The definition of ownership is unclear in a skill-based lab. When a company operates using the whole job concept, ownership is clear because individuals, not teams, are responsible for projects. So, Dow addresses ownership issues by encouraging team-building activities and team recognition. Discomfort and uncertainty can arise from what one technician has described as the "nutty pace" of the lab. Projects can die quickly using flexible allocation of resources, but they can succeed just as quickly, too. Still, most people feel that the satisfaction of success makes the fast pace worthwhile and a slow pace intolerable. Because the pace of a project is so fast, people may be tempted to shortchange the scientific reporting. For the sake of good science, however, all individuals should be encouraged to make reports a priority, not an option. Scientific reporting is encouraged at Dow by including it as one of the objectives in the performance review process.

A third resource allocation step has resulted from people's concerns about operating in a flexible environment. Although many have claimed that self-directed work teams are effective, the supervisor-employee relationship has been retained in the skill-based organization. These relationships are formed vertically, within functions (Figure 4). Personal attention to employee satisfaction is important, especially in a fast-paced environment. Supervisors and employees are encouraged to discuss topics such as goal setting, performance evaluation, and career counseling.
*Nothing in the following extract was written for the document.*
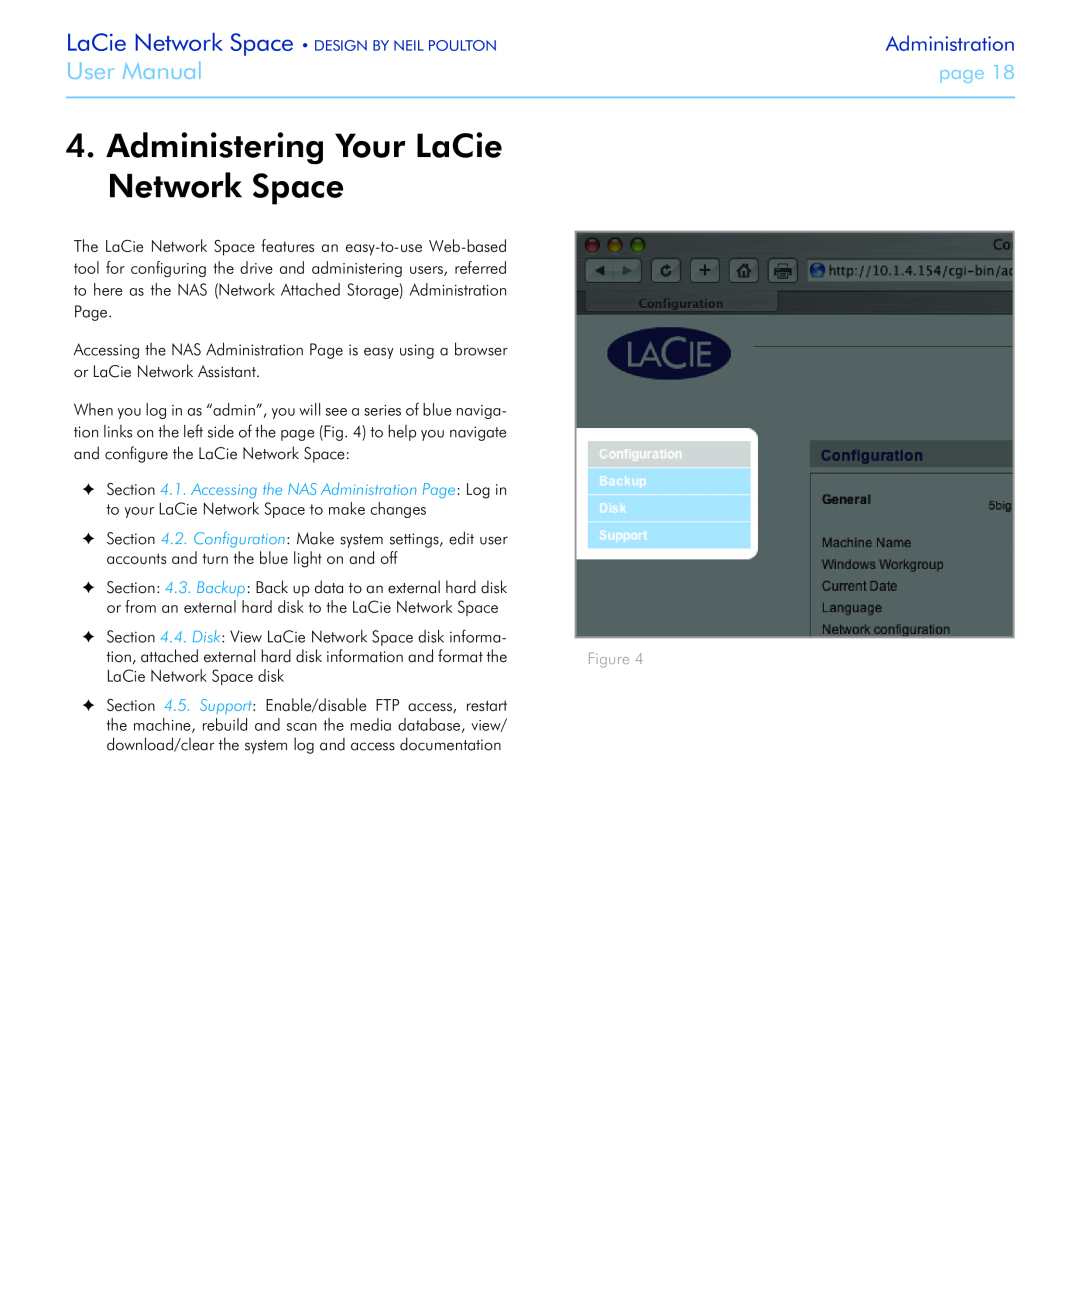 LaCie Administering Your LaCie Network Space, 1. Accessing the NAS Administration Page Log in, User Manual, page 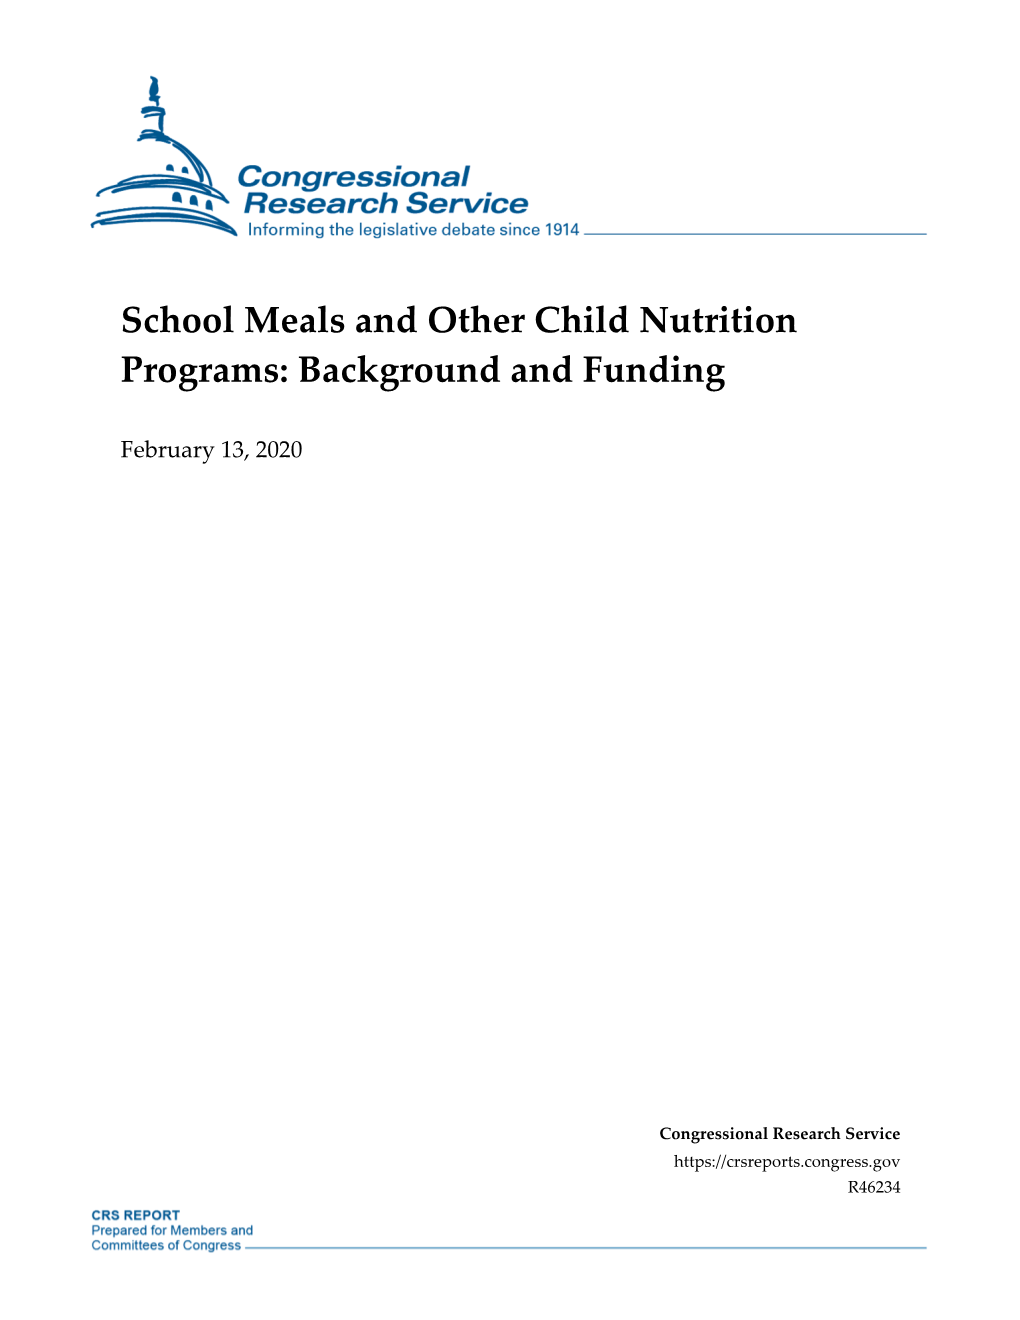 School Meals and Other Child Nutrition Programs: Background and Funding

TO SIDEBAR: Flexible allocation in practice

Speeding development
Once a business has set its strategy, flexible allocation of R&D resources can allow the fast development and implementation of value-generating technology. Most laboratories have more opportunities than resources. The flexible allocation method requires the organization to focus on a few projects and drive the right ones to completion. The projects with the highest net present values win resources in proportion to their value, and because each project has a relative richness in resources, the many activities required to validate its concept can run in parallel. The business will have the information necessary to make a "Go/No go" decision much more quickly than if it had to wait for all the activities to be done in series. Projects can succeed quickly or be killed just as quickly.

A second way to speed development is to leverage skills beyond the laboratory. As described in the athletic shoe midsole example (see sidebar, Flexible allocation in practice), skill sets outside the laboratory can be sought and applied. Appropriate people from universities, consultant firms, and even customer firms can be added to a project team.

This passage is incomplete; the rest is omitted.